When it comes to giving a tour of the Bighorn Wildlife Management Area south of Whitney, I doubt many people are as suited for the job as Greg Schenbeck.
Schenbeck, a Nebraska Game and Parks Commission biologist with headquarters at the Ponderosa WMA field office near Crawford, has a leading role in managing the northwest district’s WMAs. Not only that, he was raised in northwest Nebraska and began hunting the area that is now the Bighorn WMA as a child.
I jumped at the chance when he offered to take me for an excursion high on the cliffs of the Bighorn last week to show me the extensive effects of last summer’s West Ash Fire to that part of the region.

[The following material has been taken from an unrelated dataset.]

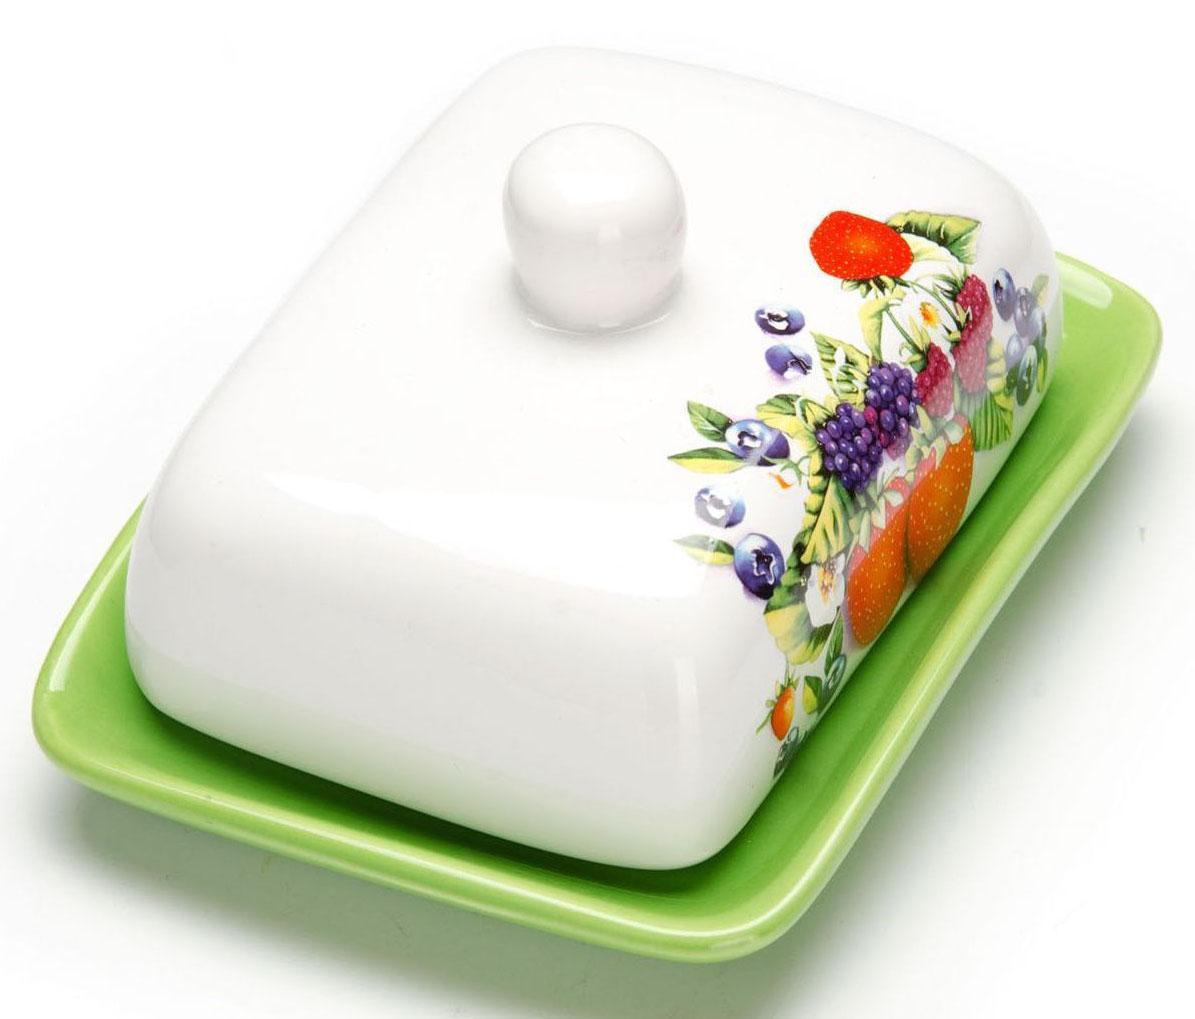 Масленка Loraine Ягоды. 2627326273Масленка Loraine, выполненная из качественной доломитовой керамики и декорированная ярким рисунком, станет украшением интерьера вашей кухни. Масленка надежно закрывается керамической крышкой и прекрасно подойдет для хранения и сервировки масла, сыра, творога.Масленка рассчитана примерно на 200 грамм масла.Пригодна для использования в холодильнике, морозильнике, микроволновой печи.Подходит для мытья в посудомоечной машине. Размер блюда: 17 х 12,5 х 2,3 см.Размер крышки: 14 х 10 х 7,5 см.Общий размер масленки: 17 х 18,5 х 8,5 см.

I wish the visit would have been under better circumstances, but I enjoyed it, nonetheless.
The 1,231-acre Bighorn is one of two WMAs that were completely covered by the wildfires’ flames – the other was the Metcalf WMA north of Hay Springs. The flames burned hot in the Bighorn, reaching the crown of most of the ponderosa pines in the area and leaving nothing but charred sticks in their wake.
Schenbeck is quick to point out that wildfires have long been an important and healthy part of the Pine Ridge ecology. He noted, however, that some areas of the ridge, such as the Bighorn, suffered what could be “ecological damage.” In some parts of the area, the fire burned hot enough to cook the roots of perennial grasses and forbs. While green blades of grass were beginning to poke their way through some parts of soil last week, other areas remained barren and susceptible to erosion. What will grow in those areas remains to be seen.
While the area is no doubt much more devoid of wildlife now than it was last year at this time, a number of species are expected to move in and do just fine. This particular WMA should be especially suited for its namesake, the bighorn sheep, which are still roaming the area despite the current lack of vegetation.
And, make no mistake; the Bighorn WMA is still a sight to behold. Every time I make my way to the top of a Pine Ridge butte or cliff, I find myself in awe and think to myself that I must be precisely in the most beautiful spot in Nebraska. The topography alone, with or without pine trees, is magnificent and pictures rarely do it justice.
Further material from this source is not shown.